Researchers in the US have demonstrated for the first time that blood stem cells can be engineered to become specialised cancer killing T-cells that actively seek out and attack human melanoma. The study, carried out on mice, shows in principle that reprogramming blood stem cells in the living organism could be used to fight cancer in humans.
The team of scientists studied T-cells (a type of white blood cell) from cancer patients, carefully isolating the receptors on the surface of the cell that correspond to a type of melanoma (tumour) in humans. The scientists isolated the genes from the receptor and introduced them in to the blood stem cell using a virus. The genes integrated with the cell DNA and became permanently incorporated into the blood stem cells, theoretically allowing them to produce melanoma-fighting cells when needed.
Dimitrios N. Vatakis , one of the researchers on the project, outlines why the study is so important.
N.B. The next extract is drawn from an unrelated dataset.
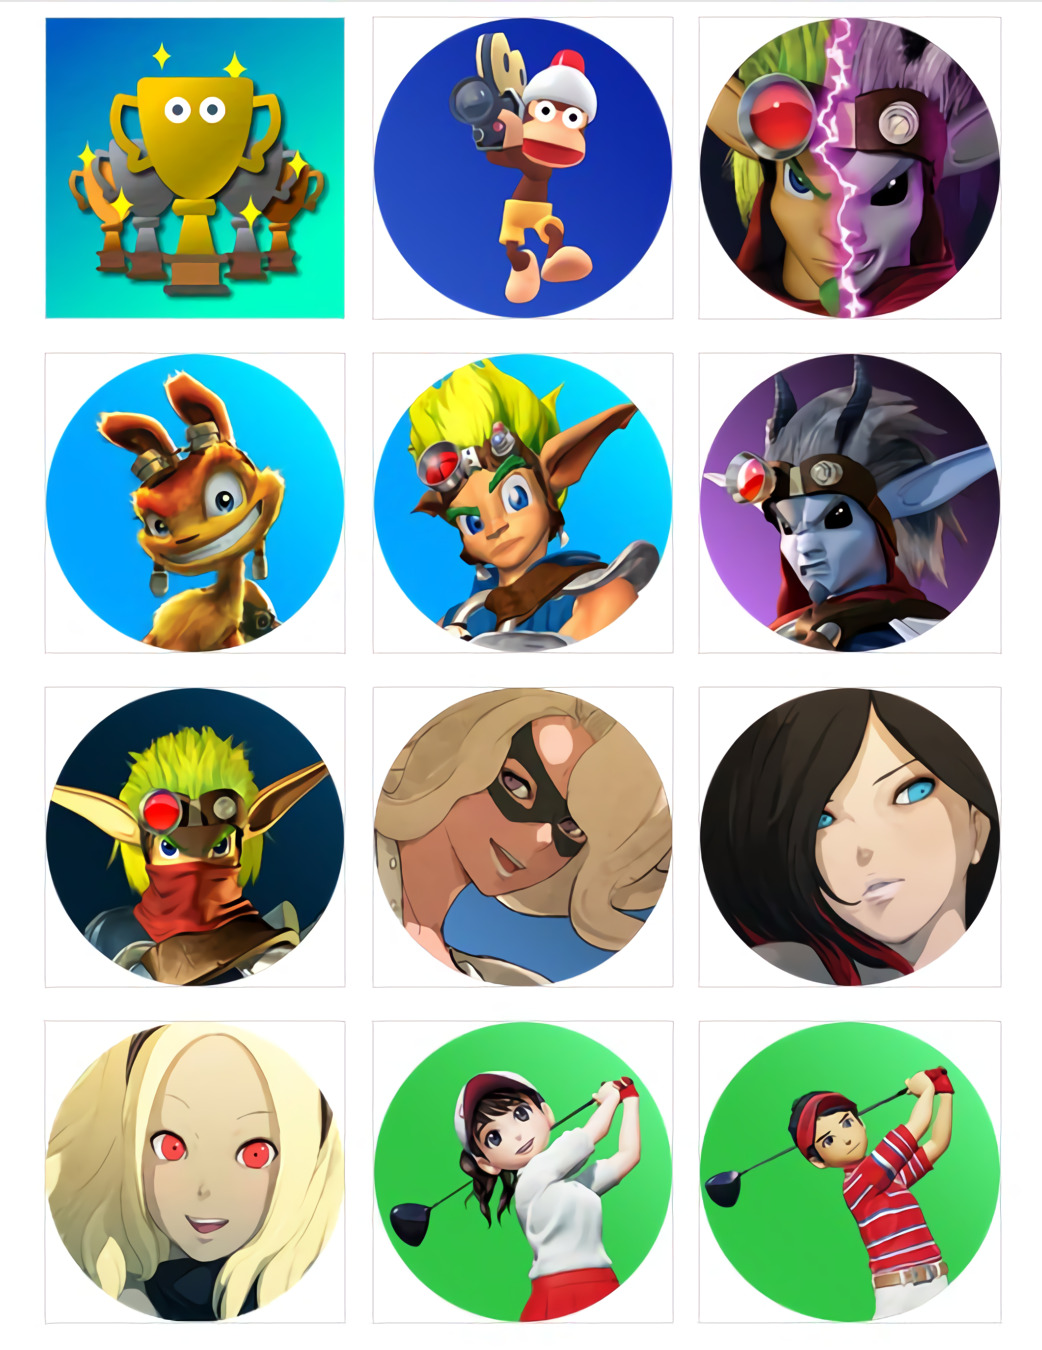 Playstation Network new avatars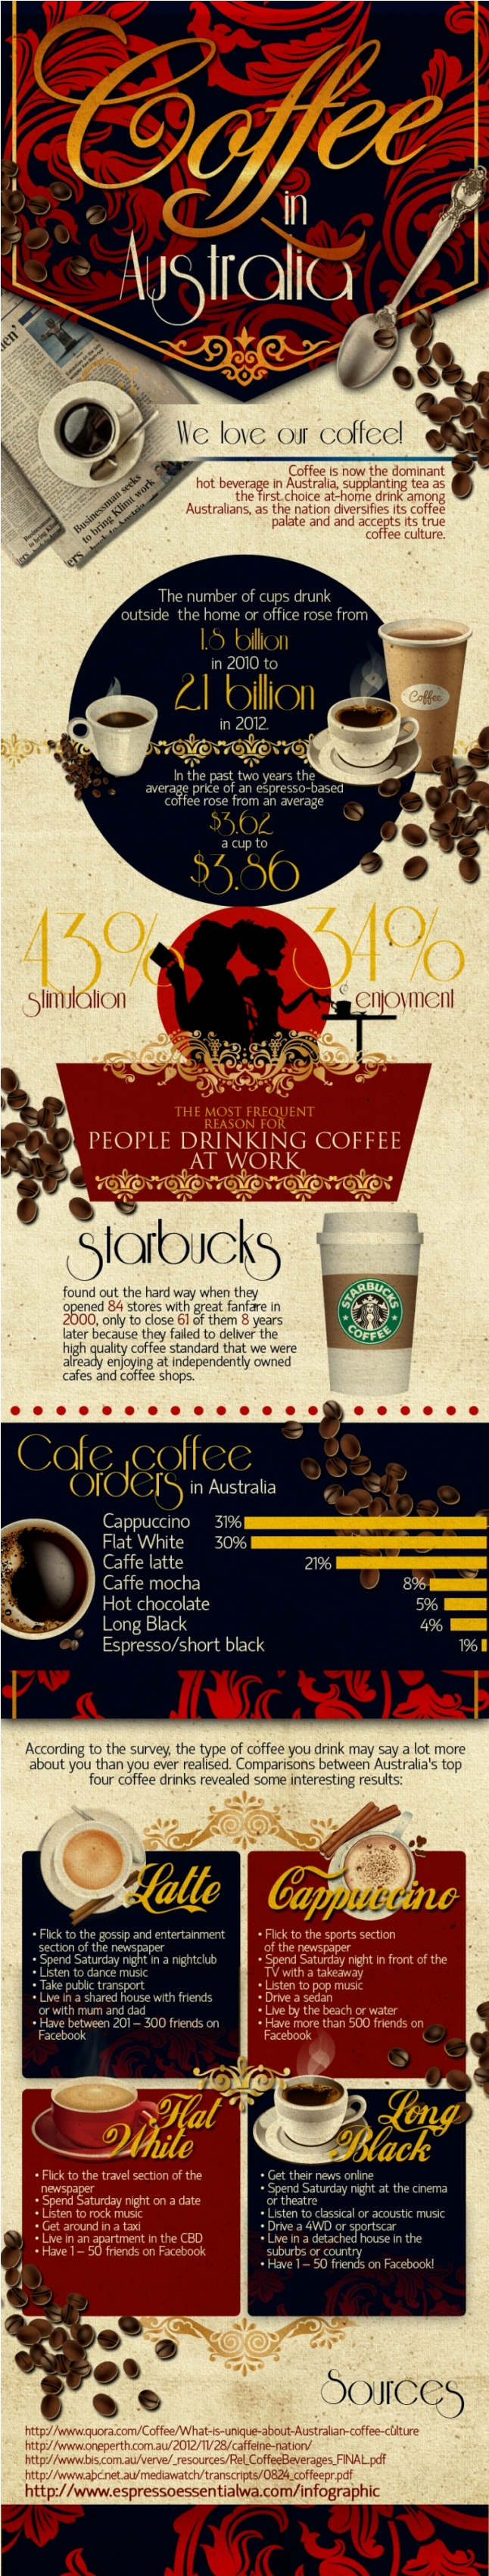 Coffee in Australia

"The nice thing about this approach is a few engineered stem cells can turn into an army of T-cells that will respond to the presence of this melanoma antigen. These cells can exist in the periphery of the blood and if they detect the melanoma antigen, they can replicate to fight the cancer."
After the T-cells were produced in the mice using the technique described, the scientists implanted the little critters with two types of melanoma, one that corresponded to the engineered T-cells and one that did not (the control). The results showed that the engineered T-cells targeted and destroyed the corresponding cancer but not the control. In the nine mice used in the study, four were cleared completely of the melanoma and the other five saw the tumours reduced!
The scientists believe the study could be repeated in humans and could potentially form the basis of new treatments for a wide range of human cancers. Exciting stuff?
The study was carried out at the Jonsson Comprehensive Cancer Center and the Eli and Edythe Broad Center of Regenerative Medicine and Stem Cell Research at the University of California, Los Angeles (UCLA) and the results appear in the journal Proceedings of the National Academy of Sciences.